От сладостных грез отвлек меня живописный, в полном смысле этого слова, человек, так много стриженный тюремной машинкой, которой не столько стригут, сколь выдергивают волосы, что голова его от напряжения сделалась фиолетового цвета. Обут он был в опорки, одет в холщовые исподники и драную телогрейку, болтающуюся прямо на голом костлявом теле. Впрочем, на голом ли? Под телогрейкой выколотая майка, меж лямок ее, прямо на сердце, профили двух вождей и клятва в великой к ним любви, а также намек насчет свободы, которою он будет дорожить и честно жить.
— Н-ну, с-сэки! — праздно фланируя вдоль вагона, сжимая и разжимая кулаки, грозился живописный парень.
— Н-ну, фрицы, трепещите!
На перроне возникла и стала полнеть толпа парнишек, отдетых в железнодорожную форму. Я поглядел на перронные часы — вот-вот на второй путь подадут рабочий поезд до Базаихи. Высунувшись в окно, я спросил у ребят — не из первого ли они училища, не со станции ли Енисей? «Из первого», — ответили мне.
Второй набор. Ребята позаморенней, смирней, но полностью уже обмундированные. Нам так и не выдали всю форму, мы так и не пережили до конца «организационный период» в совмещенном с ФЗО ремесленном училище ускоренного выпуска. Эти учатся уже как следует: и наглядные пособия, наверное, есть, и учебники, и тетради, и макеты, и инструменты, только кормят их еще хуже, чем нас, — война-прибериха затягивает пояса все туже и туже.
— Эй! — позвал я одного парня. — Сымай фуражку! — И когда он, недоумевая, снял и подставил фуражку, я вытряхнул из бумаги комком слипшиеся соевые конфеты, саму бумагу, повременив, бросил в окно и подмигнул братьям-фэзэошникам.
— Шшашливо! — пожелал мне кто-то из них слипшимся ртом.
Появились в вагонах и провожающие. Семья. Плотный мужик в долгополом армяке, в рубахе из домотканого холста, в древних, залиселых сапогах играл на гармошке. За ним хромал мужик или парень — не понять — так заморен был и вычернен солнцем, ведя в обнимку допризывника, на котором вперед всего замечалась старенькая шапка с распущенными ушами и узкие латаные штаны с бордовыми заплатами на коленях. Чуть в отдалении за мужиками тащились молодая, но уже сильно изношенная женщина, она вела за руку бледную девочку на вид лет трех-четырех.
«Вот тронулся поес, вот тро-о-о-онулся по-о-оес! Во-от тро-о-о-нулся по-оес и рухнулся мо-ос…» — вместе с компанией ворвалась в вагон песня. Вымученно, словно по обязанности, не пели — кричали мужики и этим «рухнулся» так подействовали на меня — хоть реви тоже в голос.
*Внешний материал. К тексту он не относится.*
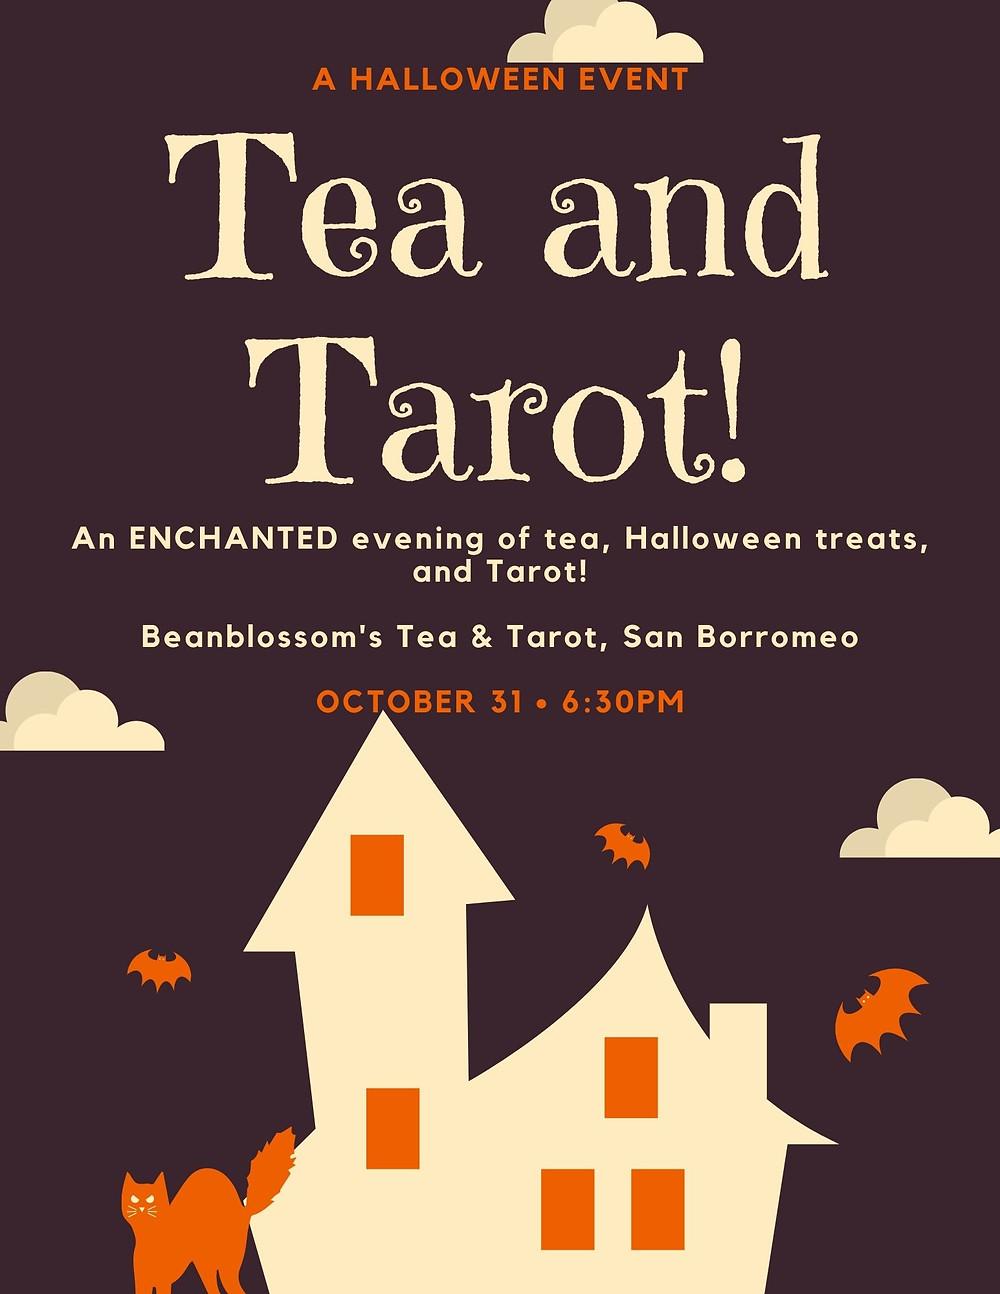 Flyer for Beanblossom's Tea and Tarot: A Halloween Event! An ENCHANTED evening of tea, Halloween treats, and Tarot!  Beanblossom's Tea & Tarot, San Borromeo  october 31 • 6:30pm

Компания шумно расположилась внизу подо мной, и я порадовался тому — не набьется таежная хевра — еще в детдоме надоело канителиться с блатняками, любоваться на них.
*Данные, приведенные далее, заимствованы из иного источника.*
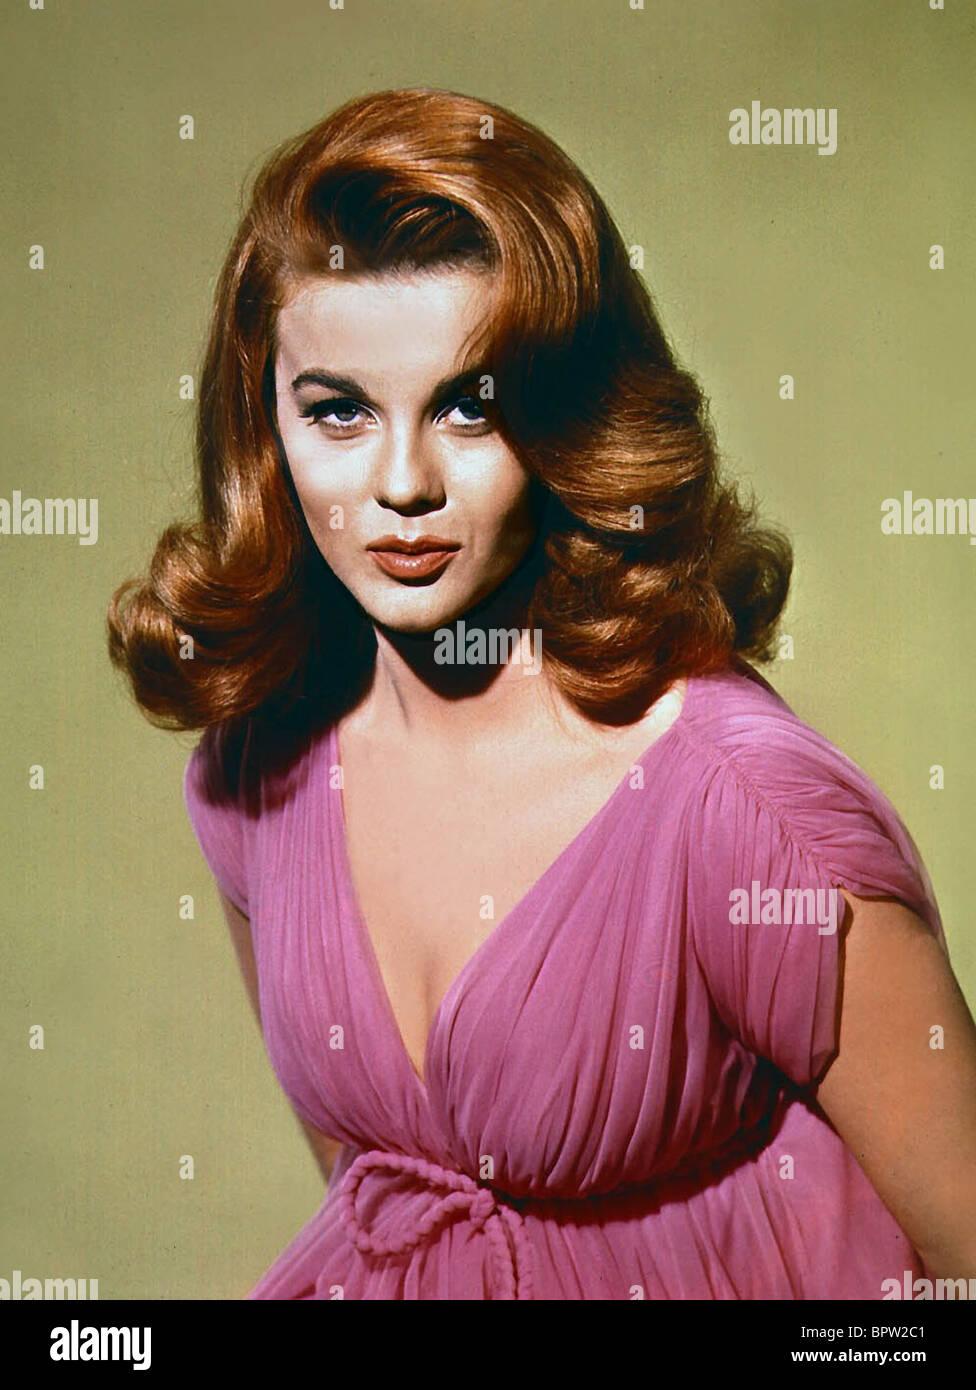 ANN-MARGRET ACTRESS (1968) - Stock Image

Мужик передал гармонь призывнику, тот продолжал песню на одних басах — трудно, видать, жили и учились всему эти люди, скорей всего переселенные на оборонный завод из южных старообрядческих районов. Отец небось жизнь убил, чтоб одновременно на басах и на «пуговицах» играть три-четыре песни, коих вполне хватало на нехитрую деревенскую компанию. Призывник в семье, судя по всему, самый младший, так и не успел полностью освоить гармонь.
Вытащив из глубочайшего брючного кармана бутылку с заткнутым бумагой горлышком, хромой мужик из кармана же выковырял кружку — и забулькало, запахло самогонкой.
— Тятя! Савелий! — попыталась протестовать женщина, не смеющая подойти к столу. — Не пили бы, обоим на работу во втору.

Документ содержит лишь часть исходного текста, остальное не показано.